### Source data

···

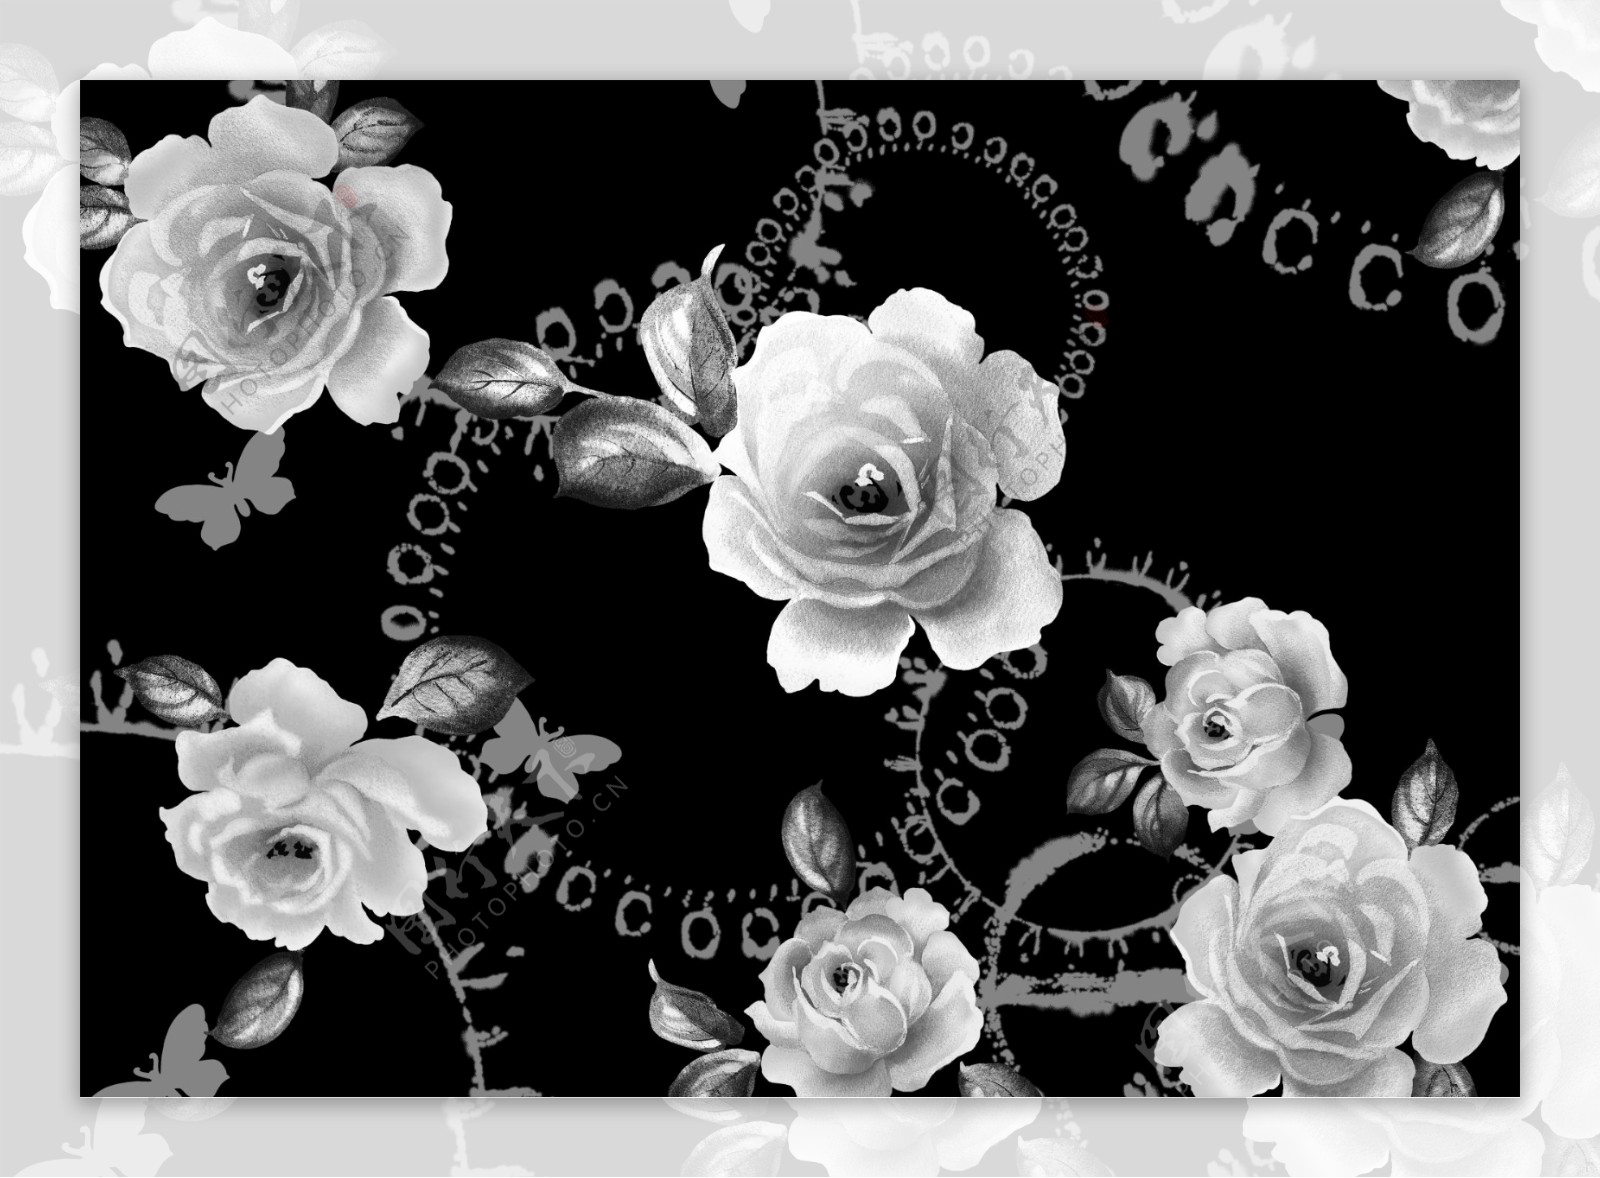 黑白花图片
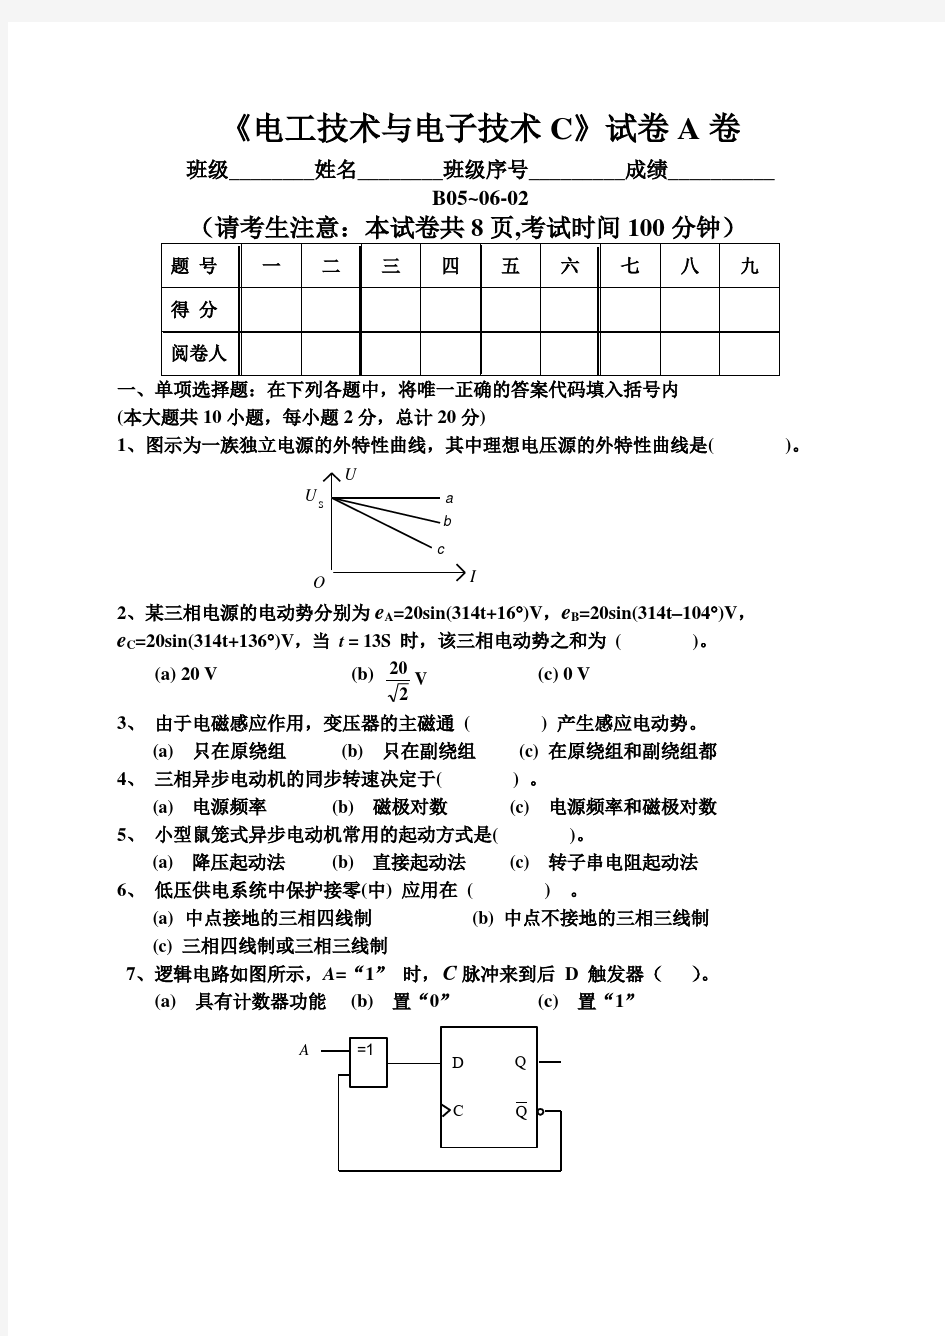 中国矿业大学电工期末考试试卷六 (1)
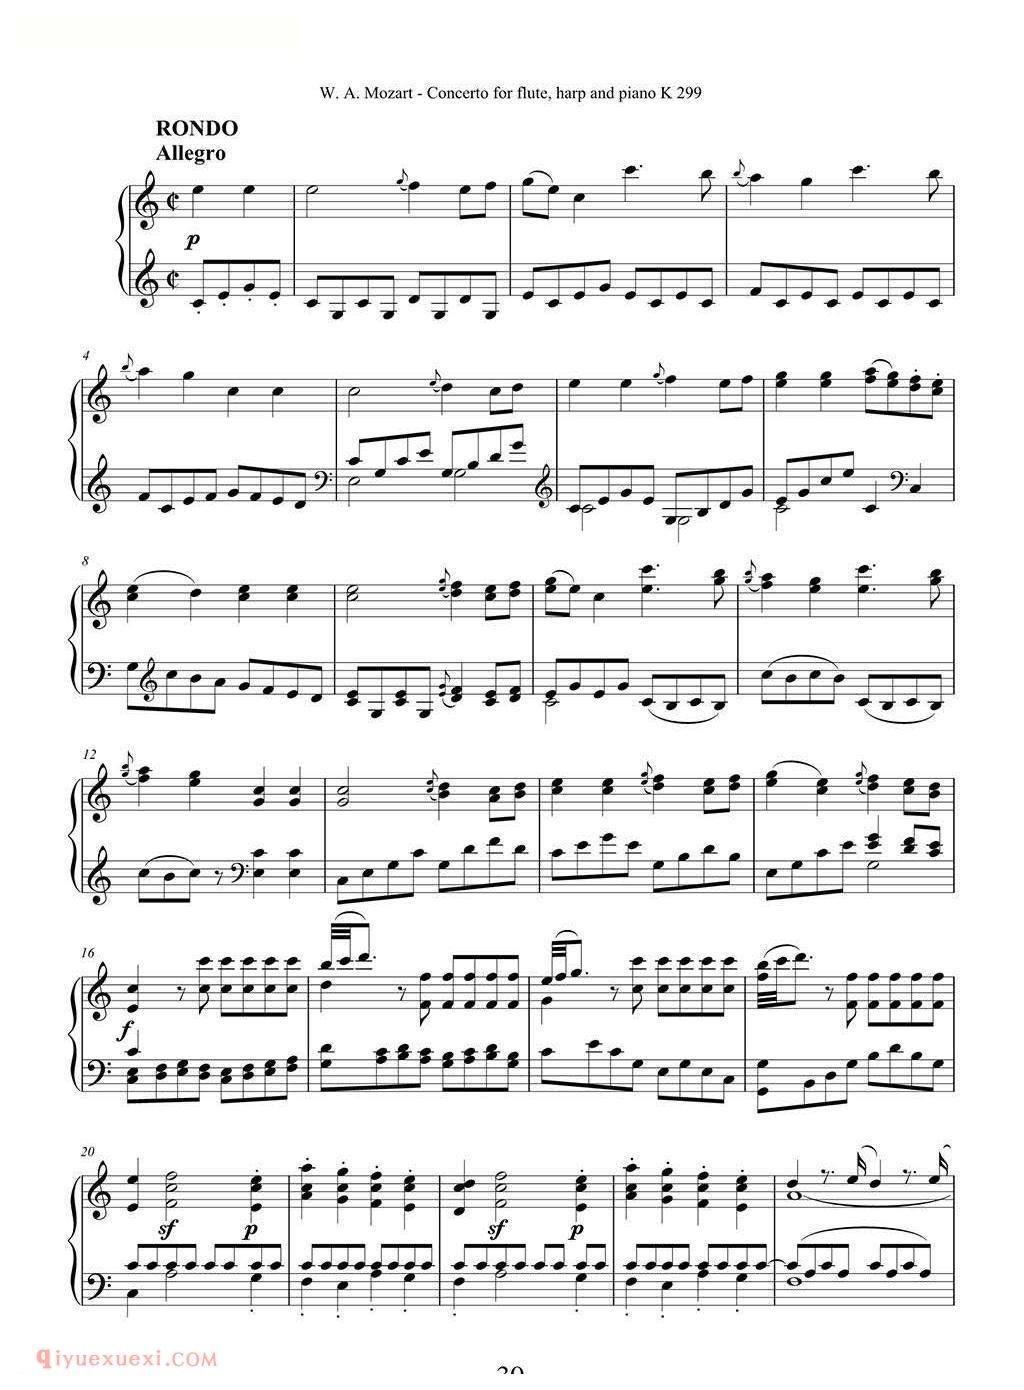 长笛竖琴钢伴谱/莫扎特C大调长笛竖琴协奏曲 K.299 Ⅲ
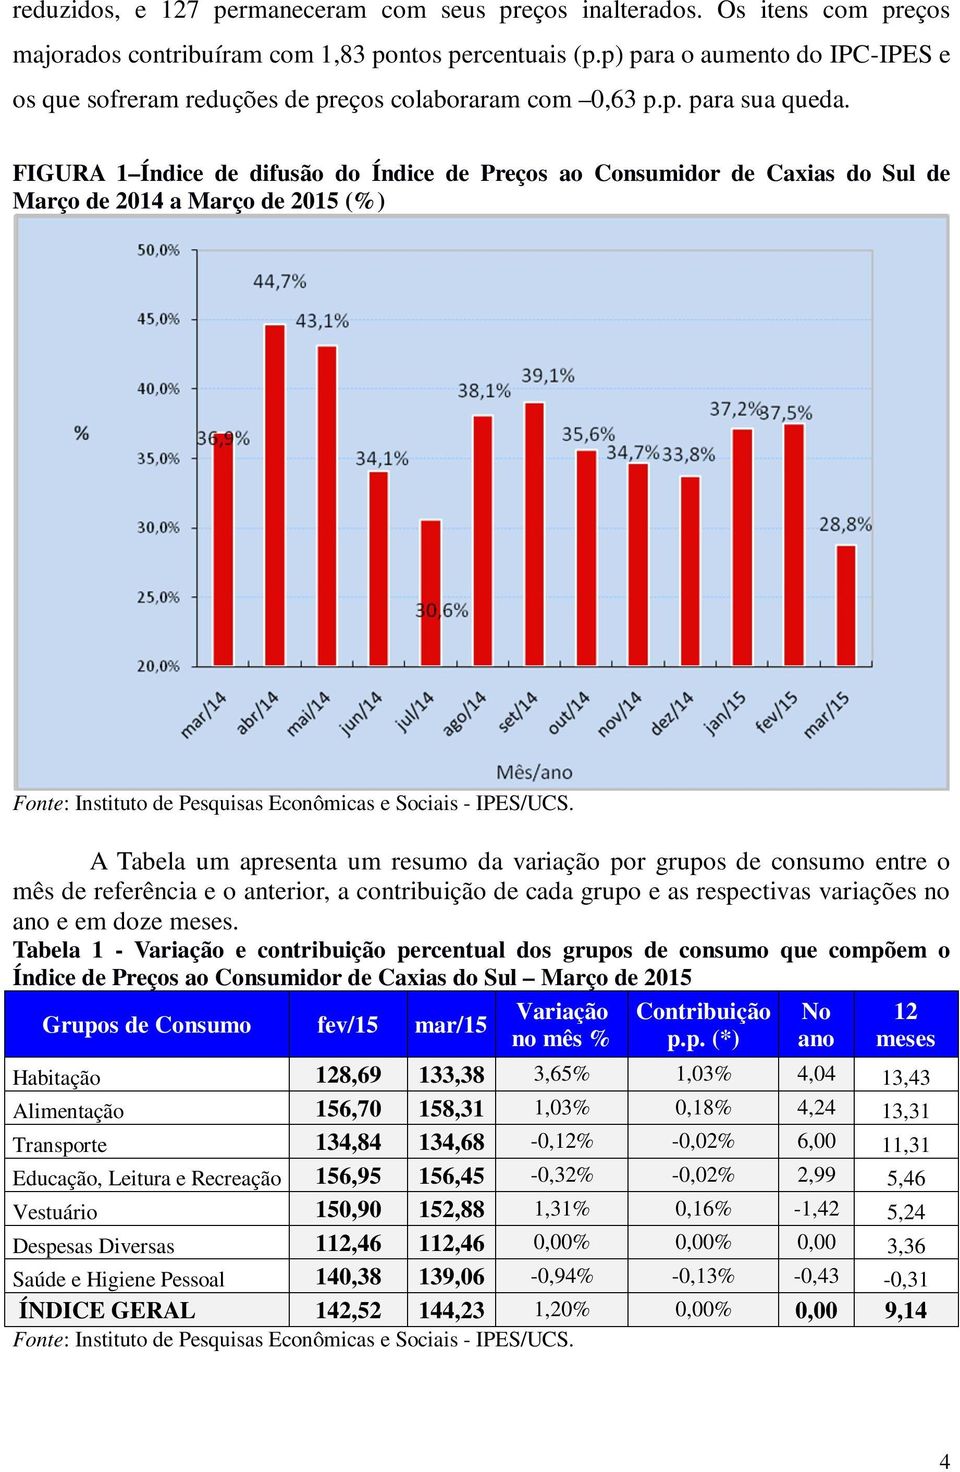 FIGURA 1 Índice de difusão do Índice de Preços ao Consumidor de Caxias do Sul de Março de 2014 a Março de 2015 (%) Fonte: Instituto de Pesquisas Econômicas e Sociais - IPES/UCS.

···

### Required work
Reproduce exactly the lines from the one with "长笛竖琴钢伴谱/莫扎特C大调长笛竖琴协奏曲 K.299 Ⅲ" to the bottom of the listing, both ends included, and nothing else. Skip the pictures.

### Result for this exercise
 长笛竖琴钢伴谱/莫扎特C大调长笛竖琴协奏曲 K.299 Ⅲ
 FIGURA 1 Índice de difusão do Índice de Preços ao Consumidor de Caxias do Sul de Março de 2014 a Março de 2015 (%) Fonte: Instituto de Pesquisas Econômicas e Sociais - IPES/UCS.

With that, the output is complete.